I’d even suggest plotting time on a log scale when it’s the x-axis in a line chart. Kurzweil did this to argue that the technological singularity was near, but it’s also just a useful way to get your whole line visible on the same graph, rather than hugging the x-axis for most of history and then screaming upward at the end.
We should probably start leveling up our flexibility with marking time now, before space travel puts large populations in different relativistic reference frames. At that point, if we’re not prepared, we’ll hit a Y2K bug in our own brains, when single-dimensional time stops making sense altogether.
![](https://substackcdn.com/image/fetch/w_1456,c_limit,f_auto,q_auto:good,fl_progressive:steep/https%3A%2F%2Fsubstack-post-media.s3.amazonaws.com%2Fpublic%2Fimages%2F9258ebe6-a7c1-4c90-9954-51b9c02d1851_1280x960.jpeg)
Bonus: Earworm Removal
I’m sorry for the earworm encoded into the first paragraph of this post. But, you know, it’s been inevitably playing in my head whether I referenced it or not, and misery loves company.

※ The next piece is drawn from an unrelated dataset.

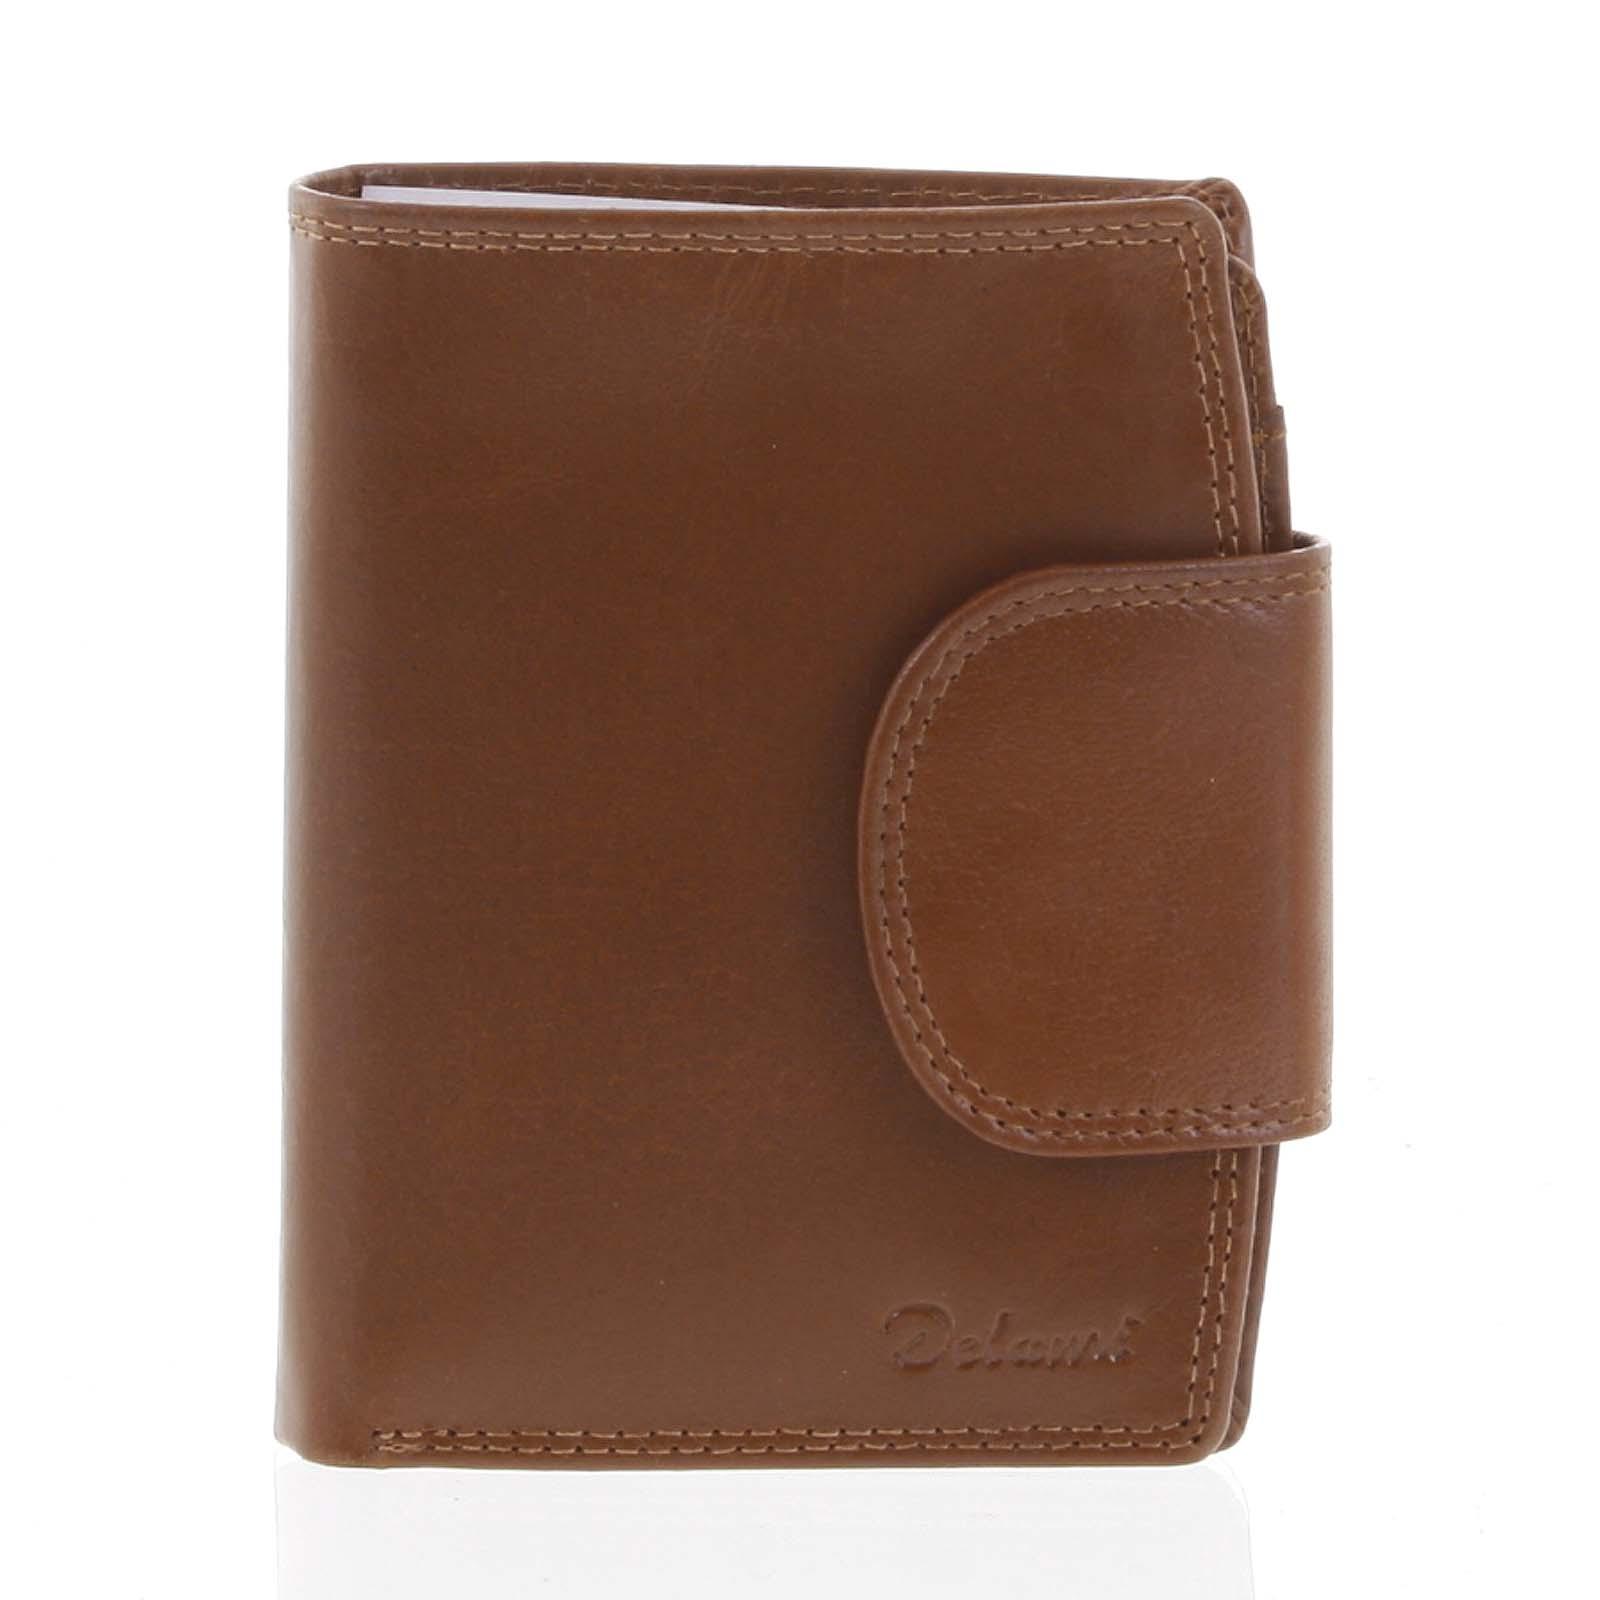 Kožená elegantná svetlohnedá peňaženka pre mužov - Delami 1342CHA

Fortunately, there are solutions! Songs that loop endlessly in your head usually do so because of a lack of resolution—either you can’t remember how they end, or they don’t end in a musical resolution. So sometimes the cure is to just listen to the song from beginning to end. If that doesn’t work, or isn’t feasible, you can displace it with a shorter tune that does resolve. “Happy Birthday” is a popular choice—ends definitively and many brains refuse to loop it on aesthetic grounds. Even shorter are some advertising jingles—the ones for brands that advertise themselves as products you can rely upon and forget about. My go-to is We Are Farmers (bum buh dum bum bum bum bum).